Há algum tempo vêm rolando no Facebook algumas enquetes bobinhas, cuja análise das respostas diz quem você foi em vidas passadas, que super-herói você seria e coisas assim. Ontem a enquete do momento prometia revelar qual o país em que a pessoa deveria ter nascido. Não perdi meu tempo, mas me chamou a atenção a euforia de um rapaz que descobriu que na verdade deveria ser norueguês. Sei lá se ele é tarado em bacalhau, gosta de neve o ano todo ou tem tendências suicidas como a galegada de lá, mas estava feliz da vida e orgulhoso com a ‘descoberta’.

Meu impulso inicial foi concluir que o carinha estava achando o Brasil tão chato que o melhor mesmo era ter nascido na Noruega. Mas aí imaginei que é exatamente gente como ele que tem transformado o país numa coisa muito chata.

O problema é que essa legião que faz o país ficar chato já passou da fase do modismo e avança para a cronificação. Boa parte é composta de inocentes úteis, incapazes de uma análise crítica e por isso mesmo repetidores de mantras contidos em publicações desavergonhadas, mas o que de fato preocupa são os dois polos caolhos que só contribuem para que não se chegue a lugar algum.

De um lado os da situação, que se recusam a enxergar que estamos em pleno processo de apodrecimento da decência. Oportunamente falarei de forma mais esmiuçada sobre o assunto, com base em minha vivência como auditor, já que o assunto exige detalhamentos que me levariam a escrever um tratado, mas por ora basta dizer que temos, sim, corrupção endêmica praticada no presente e no passado recente e, enquanto membros do Executivo já identificados nas investigações – além dos Sarneys, Renans e outros insetos-, permanecerem isentos de responsabilização, teremos a certeza de que reina a impunidade neste triste e belo país.

Mas essa serpente tem duas cabeças, uma em cada ponta. Do outro lado reina absoluta a galera do ‘quanto pior, melhor’, que até ensaiou a excomunhão do Chicão, nosso papa velho de guerra, mas parece que a prudência mandou pisar no freio.

Essa turma padece da síndrome do pó de arroz e resolveu tentar a sorte no tapetão, que ficou conhecido como 3o turno nas últimas eleições. Levantaram suspeitas (todas insuspeitas) sobre a manipulação das urnas eletrônicas que elegeram Dilma, mas inocentaram as urnas que elegeram o Alckmin, uma parcela mais atentada levantou a bandeira de um golpe militar pós-moderno, a que deram o prosaico nome de Intervenção Militar Constitucional (lindo!) e de fato demonstram acreditar que é a salvação da lavoura.
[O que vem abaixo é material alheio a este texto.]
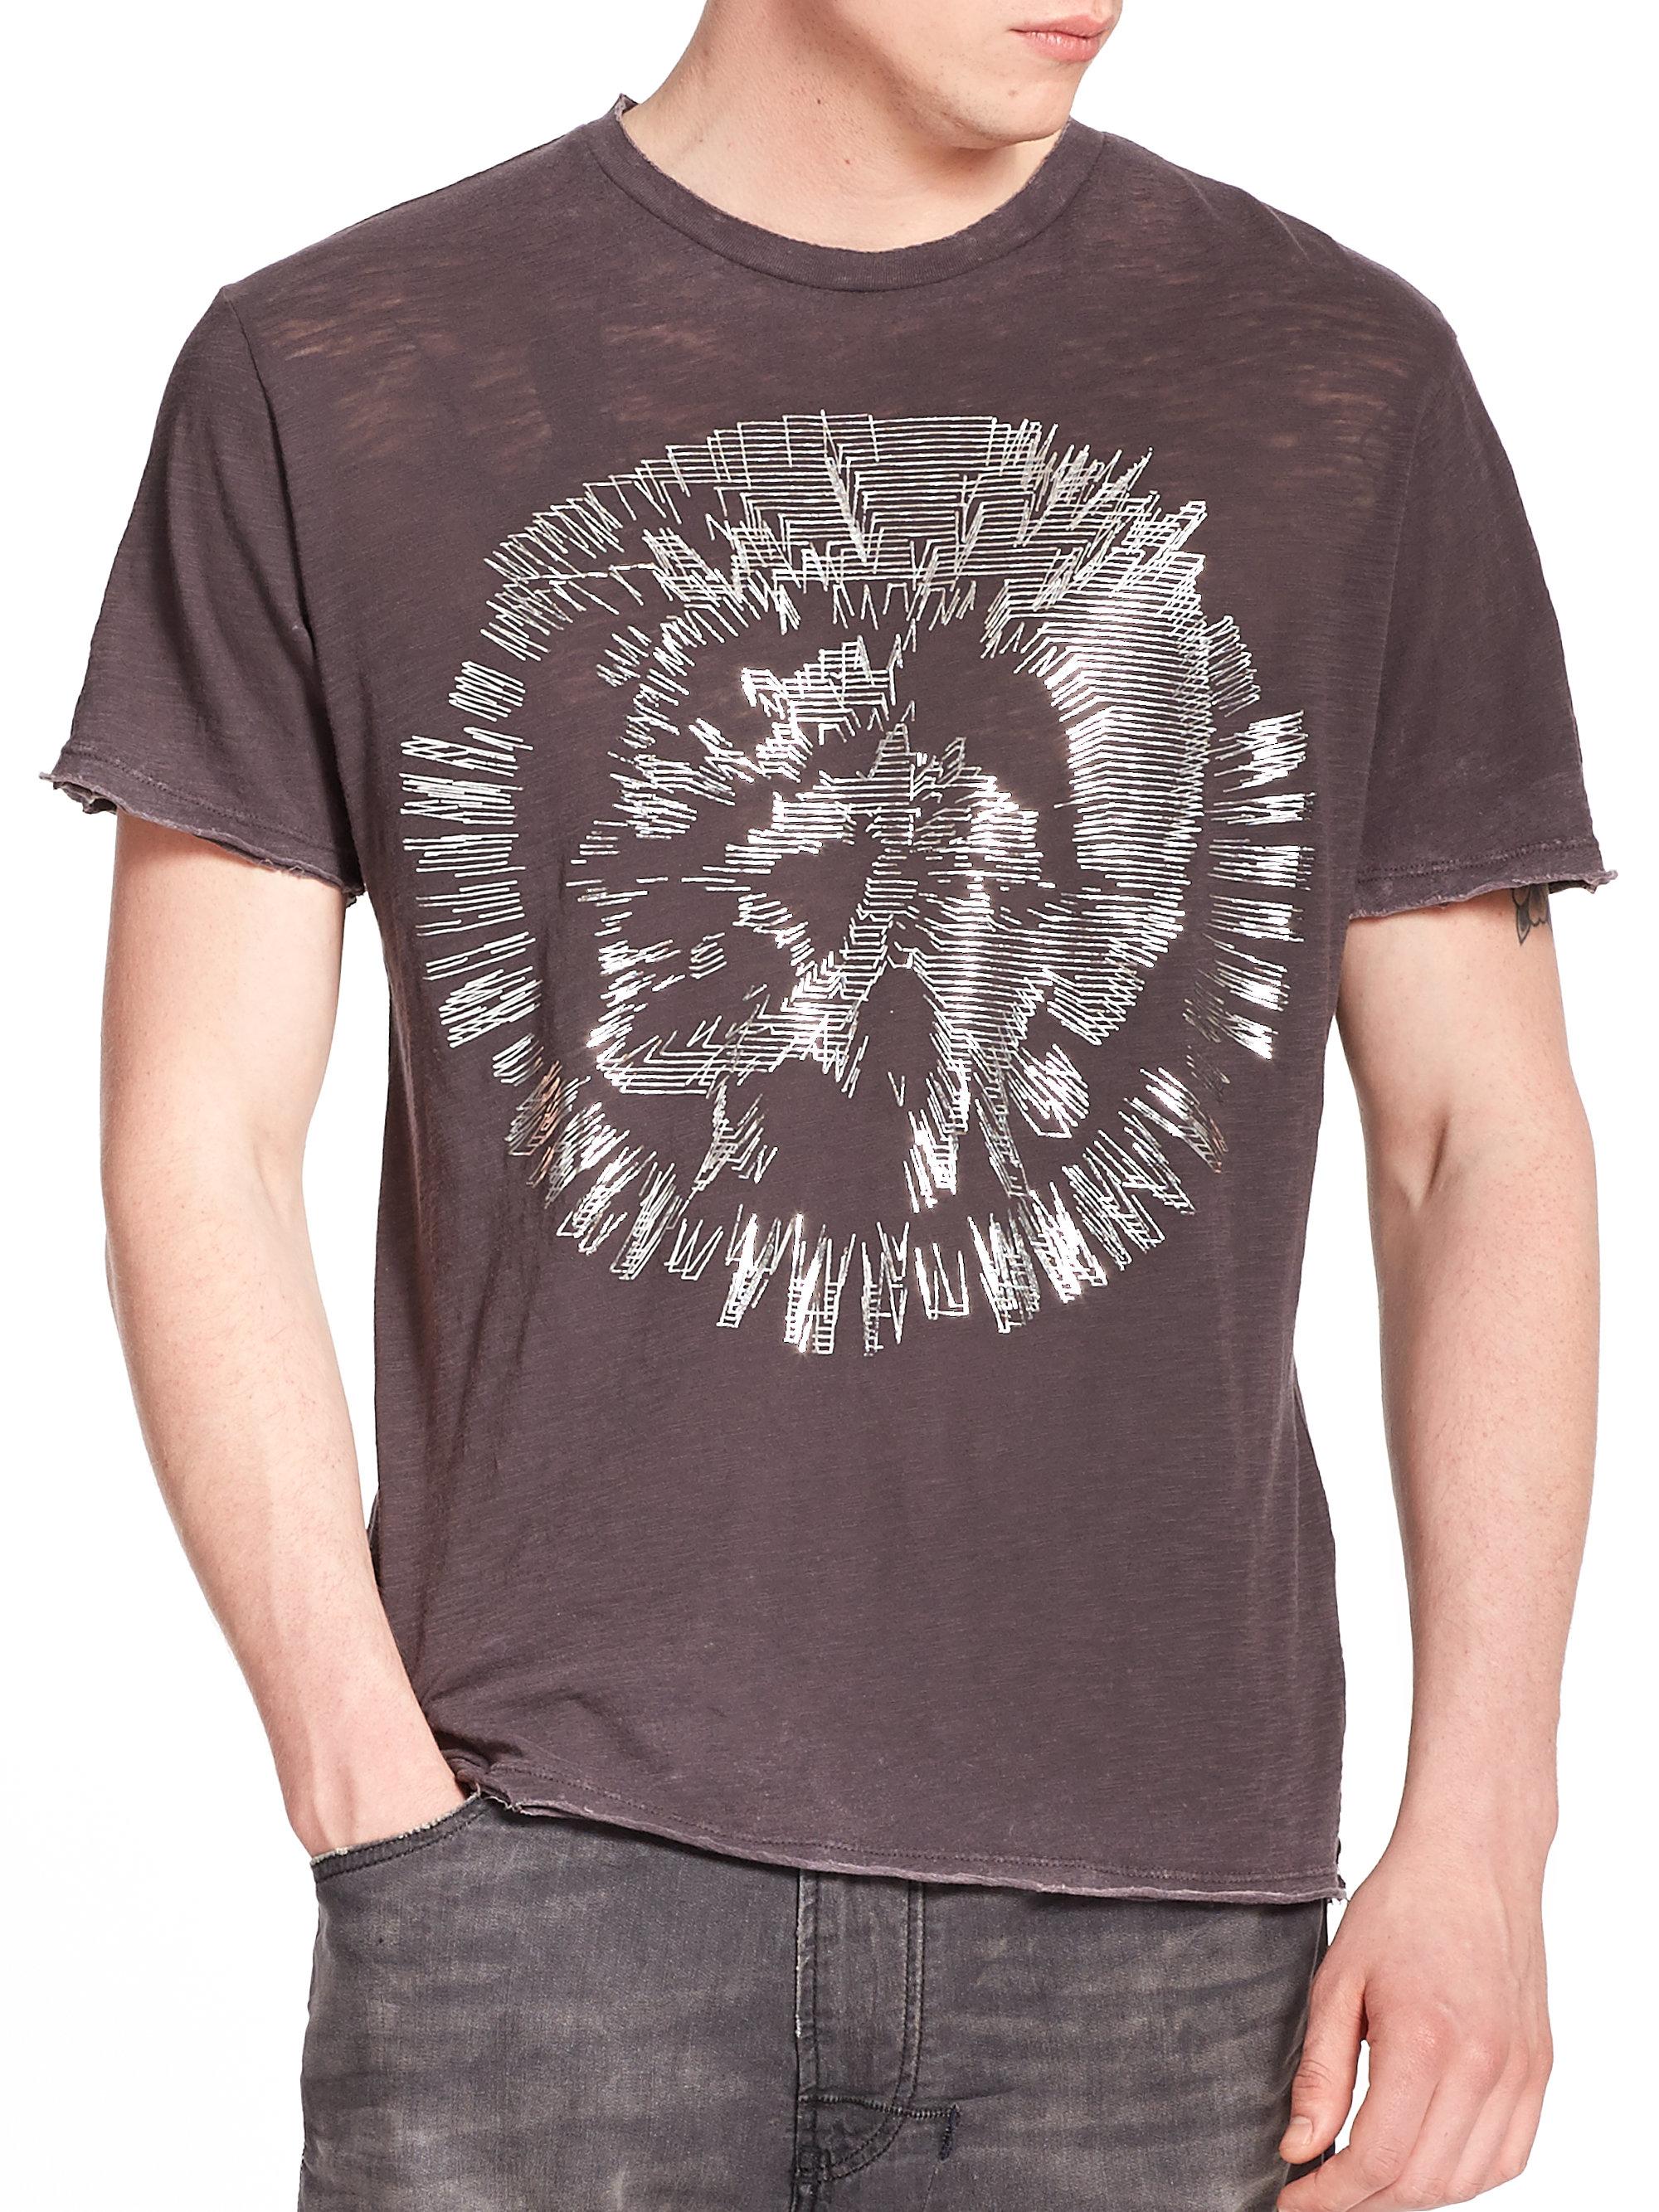 Denim T Shirts For Men

Reza a lenda que os milicos sempre estiveram acima de qualquer suspeita, todos são honestos e só mataram os que mereciam ser assassinados, como bem esclareceu o músico de QI alto sem bagagem Roger Moreira, no entrevero que teve com o escritor Marcelo Rubens Paiva. O plano b é o impeachment da presidente da República, cujo processo, segundo asseguram as autoridades facebookianas, pode ser iniciado sem maiores problemas, porque ela é feia e eu não gosto dela.

Estes são os dois tipos dominantes, que obviamente dão origem a subtipos.
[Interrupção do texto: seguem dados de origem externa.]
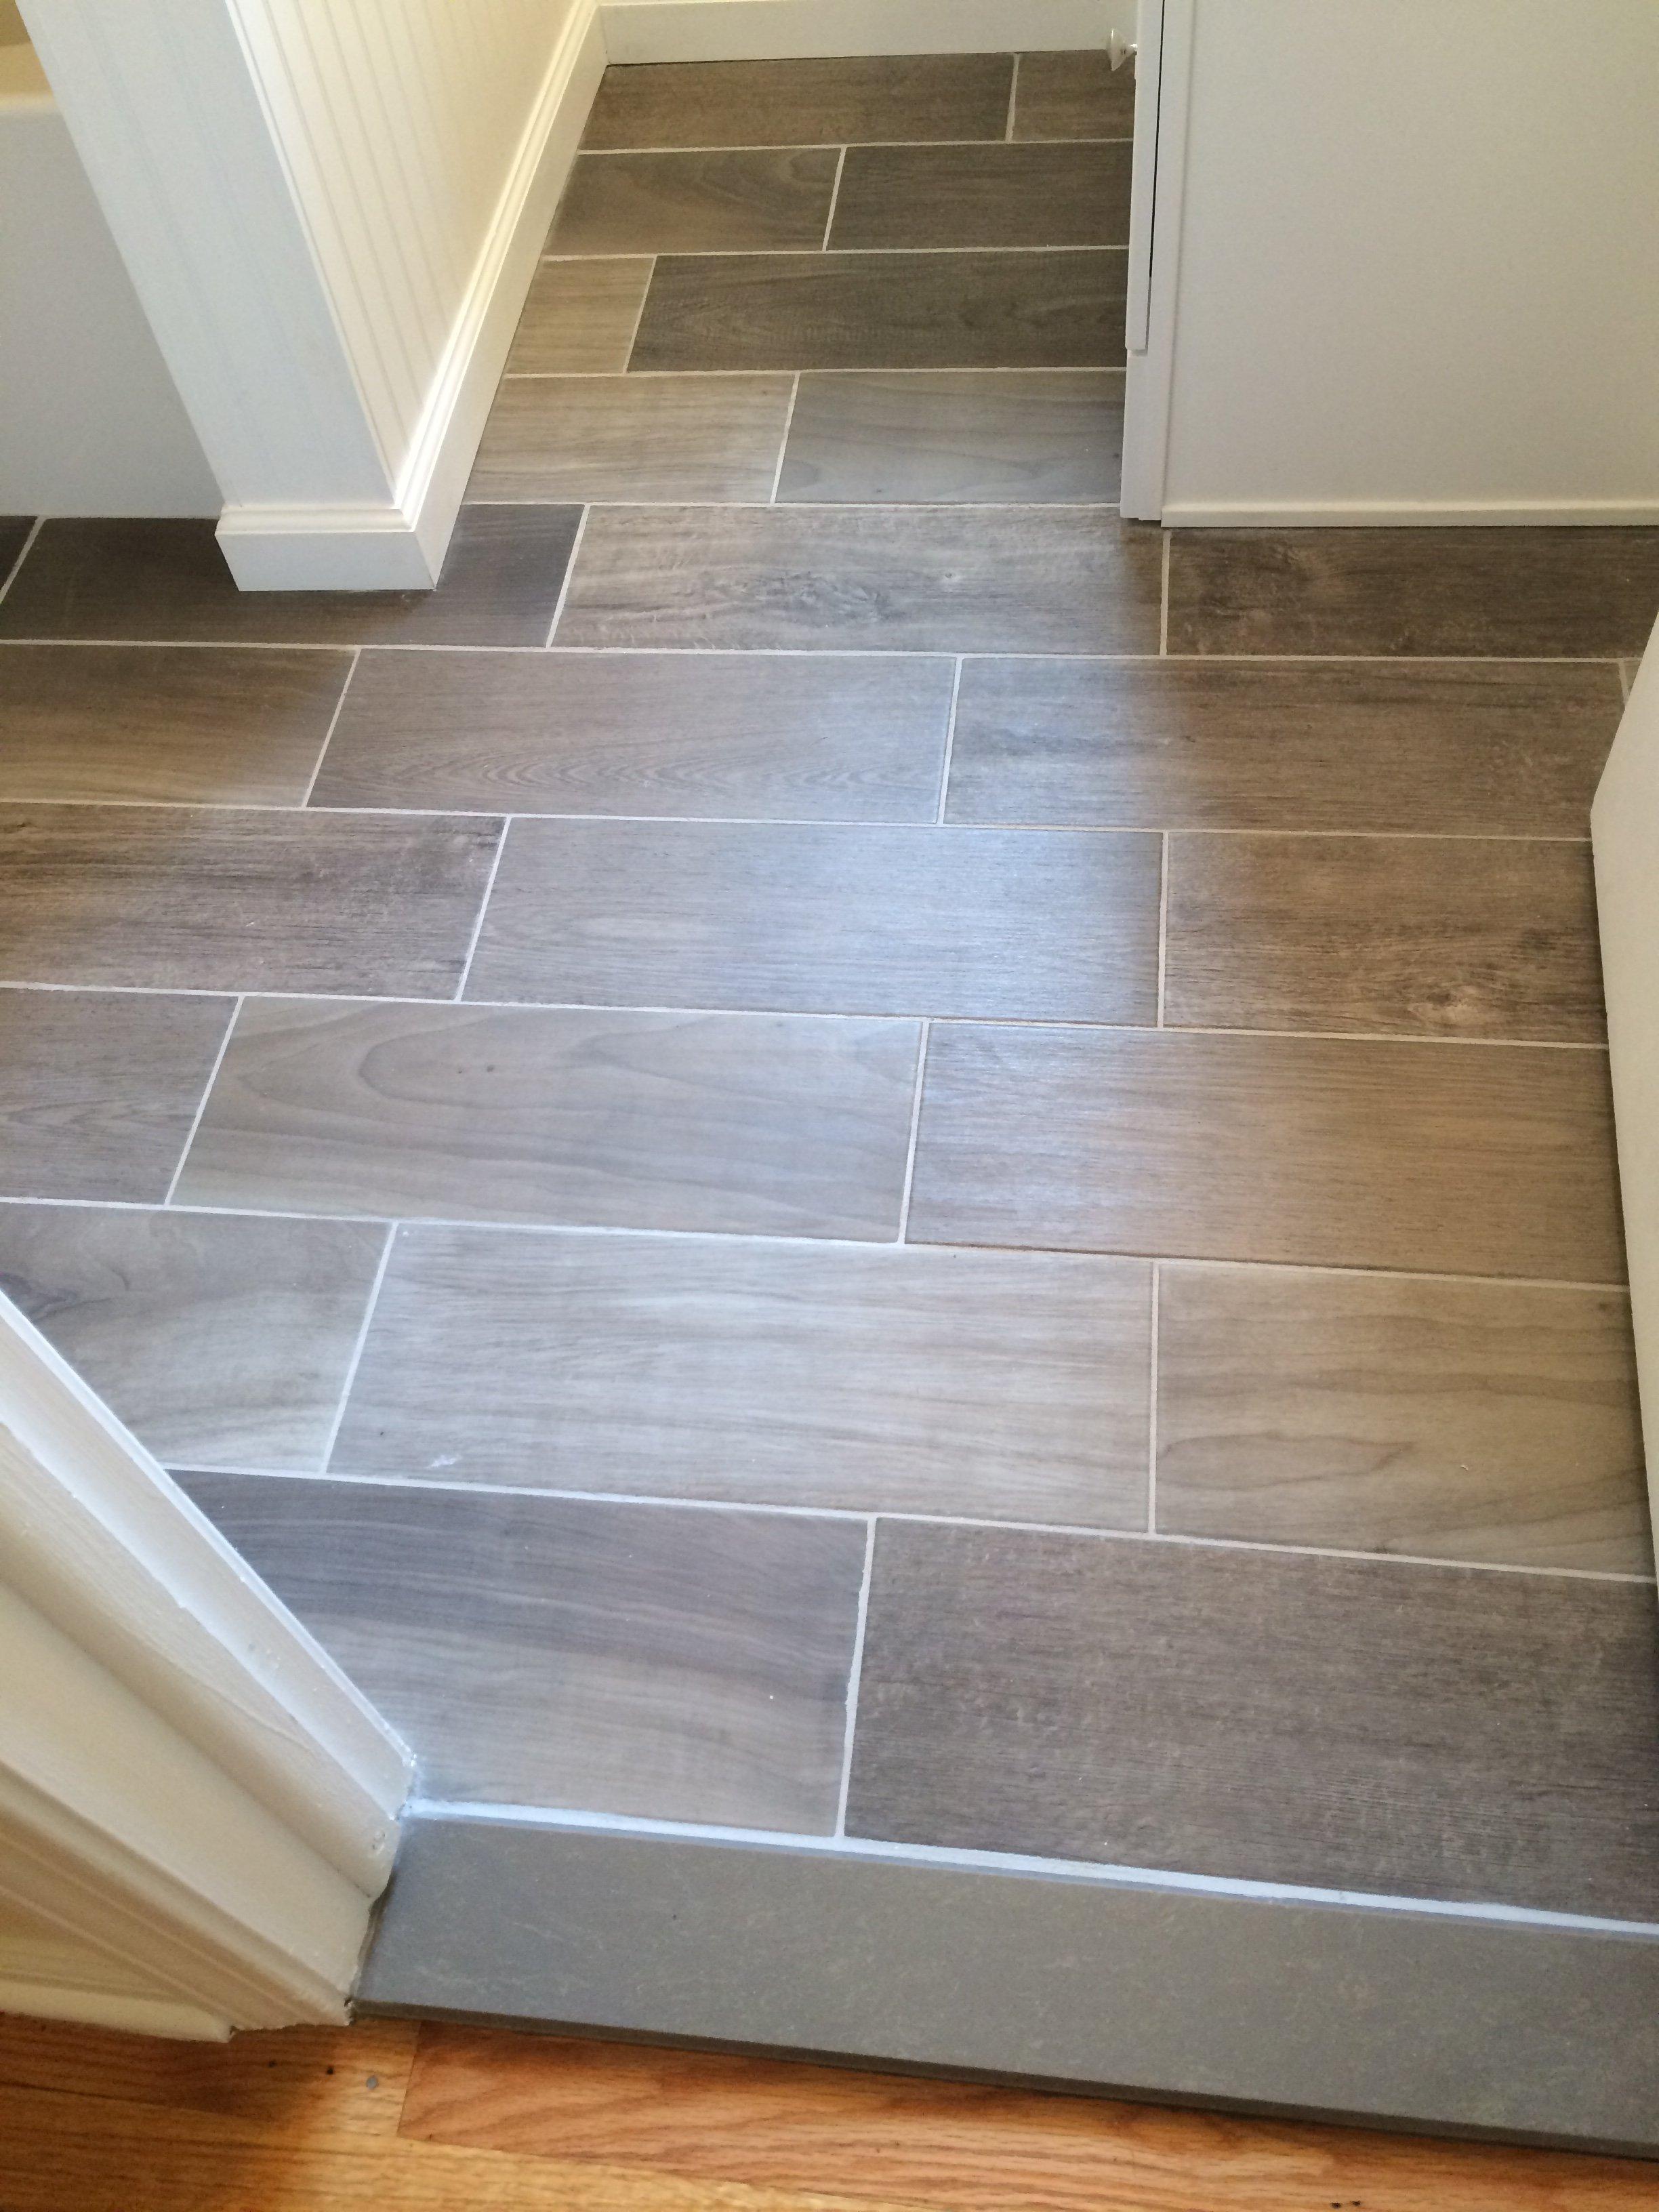 Floor Tile, Ceramic Tiles & Porcelain Tiles | Top Tile of Latham

Não se trata, porém, de reles confronto de idéias. O que observo com mais preocupação é o ódio que permeia as manifestações de lado a lado, como se não nos bastassem as guerras entre aquelas quadrilhas sustentadas por agremiações esportivas e que levam a alcunha de torcidas organizadas.

Dia desses, por ter me posicionado a favor de uma melhor distribuição de renda e maior taxação das grandes fortunas, ganhei um chapéu de burro e crachá de petralha. Até fiquei feliz, porque acho que seria menos honroso jogar no time da galera do bolsa empreiteiro, mas continuo achando que essa polarização é de todo desnecessária. Eu defendo as cores da chamada ‘esquerda caviar’, e fiquei sabendo disso pela boca de um ilustre representante da ‘direita pão com ovo’. Vai entender, né?
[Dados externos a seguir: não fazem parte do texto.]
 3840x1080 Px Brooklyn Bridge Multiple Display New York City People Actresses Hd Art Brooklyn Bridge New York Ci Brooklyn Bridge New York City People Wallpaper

Pela primeira vez exponho abertamente minhas convicções e preocupações. Fiquei na moita não por medo, mas porque os fatos do dia-a-dia me indicam que não vale a pena discutir com radicais de esquerda e de direita, em boa maioria simples gado que não tem lastro cultural ou histórico que permita ir além das palavras de ordem.

Este assunto não se encerra por aqui.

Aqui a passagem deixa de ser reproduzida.